The subscription has the following syntax:
return Requests.find({act:true},{fields:{…},limit:lmt, sort:{requestDate:-1}})

where lmt is set to 25, but can increment by 25 in subsequent subscriptions (if subscribing again with lmt set to 50, 75, etc. - used to show more items join a page when requested by the user) response is sub-second.

Mongodb response has no issue (same query from mongo shell is instant). During the subscription time (before data is received on client), node cpu spikes to close to 100%, then settles down to normal state (between 5 and 15%). Memory does not appear to be constrained. Side of each returned item, is less than 100 chars in average

Any ideas of what may be happening?

I think I remember some comment from @arunoda somewhere about chocking cpu due to retrieving mongo data for publishing in some cases, but don’t remember where…

Pretty please, someone? :smiley:

I thought someone else, and with more specific knowledge than I, would reply soon enough that I shouldn’t post my potentially not very useful thoughts. But seems not, so here we go:

Are you using Oplog tailing on that instance or not? (I think when you run an app through the meteor tool it does use oplog.)
I’m asking because I also, a long time ago, had read something about oplog and specific cases where that leads to problems, and I very vaguely remember something about limit (and sort) in there, too.
Oh, actually, now that I say that: Could it just be about the sort modifier?

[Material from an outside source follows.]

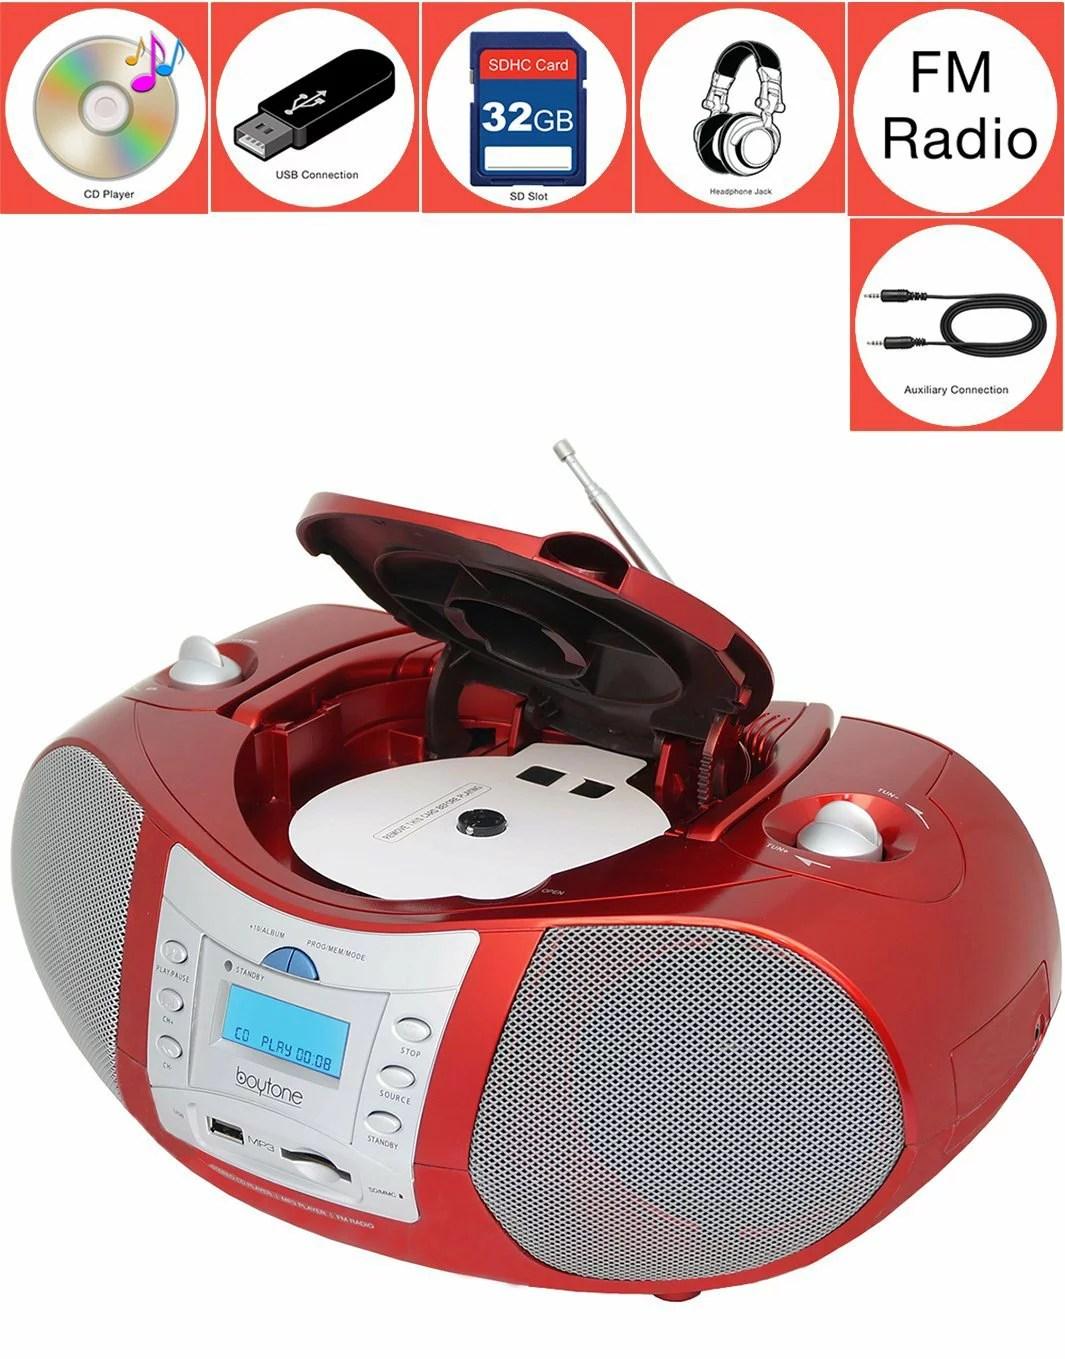 hight resolution of boytone bt 6r boombox cd player usb sd mmc slot fm radio auxiliary
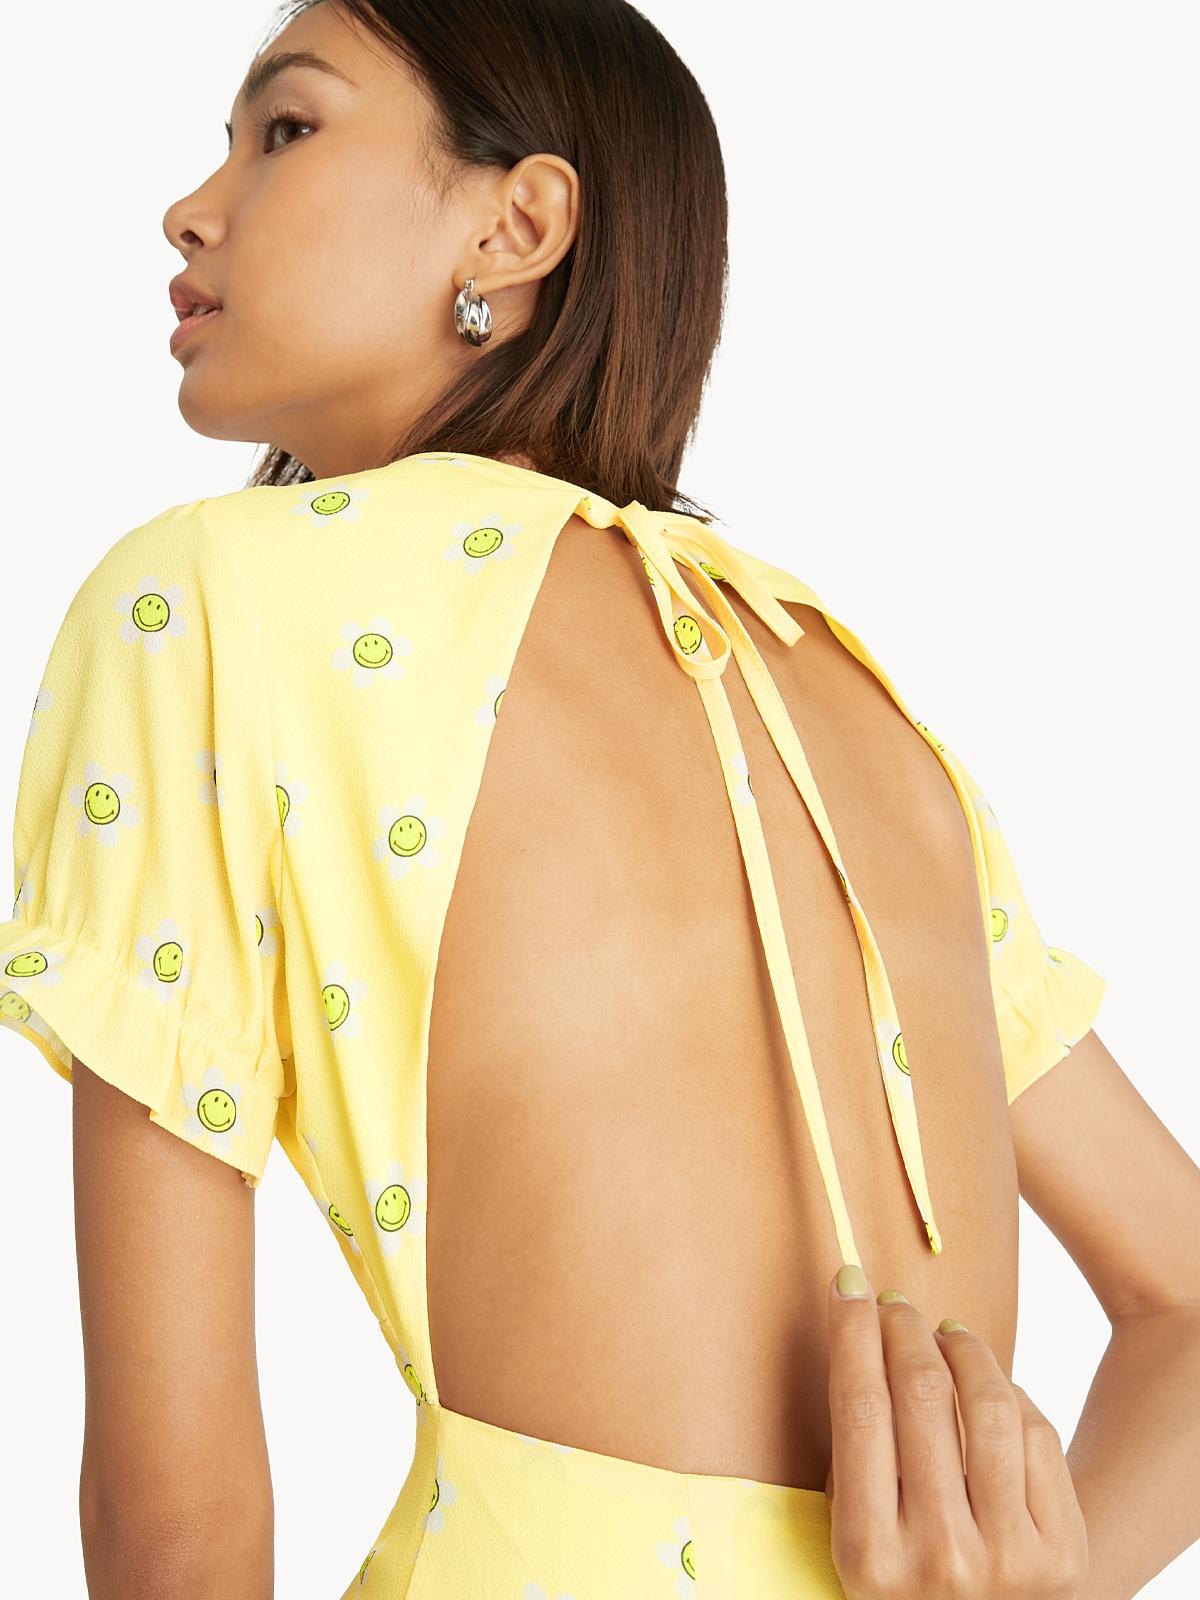 Pomelo x Smiley Open Back Dress Yellow

The behavior that you’re describing shows that node is doing a bunch of work, at least the first time this subscription is requested. So that means it’s processing something CPU-bound, so it is probably doing something like sorting or comparing or in some other way preparing the (large number of) (potential) results to send back to the client.

And so some of the things to do in order to learn about what’s happening here are: oplog on/off, tweaking the selector, tweaking sort & limit.
The selector might be an issue because you’d usually not expect an index to be so imbalanced (99% true), so it’s like fetching all the items anyway. I think this is probably not a problem, but I could imagine it being one.

Does that give you any ideas for what to try?

Also, there’s always the option of running a node profiler. I haven’t had the need to do that so far so I can’t give any hints as to how to get started with that, but it shouldn’t be too hard and it would definitely give you a lot of insight into what is actually happening during that subscription at runtime!

Thanks for the reply, @seeekr . Points you noted have been through my own thought processes (did not mention any suspicions so not to bias anyone). Clarifying you question: Yes, am using Oplog tailing from a 2-node + arbiter Mongodb replica set.

I thought about sort, but can’t see why that could be an issue, since the same db query from Mongo shell resolves it immediately (as it should since the sort key is an index and shows up as being used on a mongo cursor .explain() output.

I also considered dropping the act index, but can’t see how it could have any effect…

Would Meteor server drop the limit option when querying Mongodb and as such cause a large number of items to be retrieved from the db? Maybe, but I can’t think why it should do that. Maybe someone knowing Meteor’s guts in this area could comment?

Puzzling…

Doh! Solved it.

It had nothing to do with that specific publication, but it was caused by a Counts.publish of the total number of items found (using tmeasday:publish-counts pkg), a few statement back. That previous sub was retrieving the _id for all items satisfying the criteria. publish-counts does not scale very well…

I’m attempting to address the situation with a combination of making the publish-counts pub non-reactive when cursor.count() > 1,000 items (not ideal but can does not impact usability, just consistency) and wrapping the Counts.publish call in a Meteor.defer() so that the main pub returns immediately…

If anyone can think of a better approach, I’m all ears.

2 Likes

have a look at this package : https://github.com/nate-strauser/meteor-publish-performant-counts

1 Like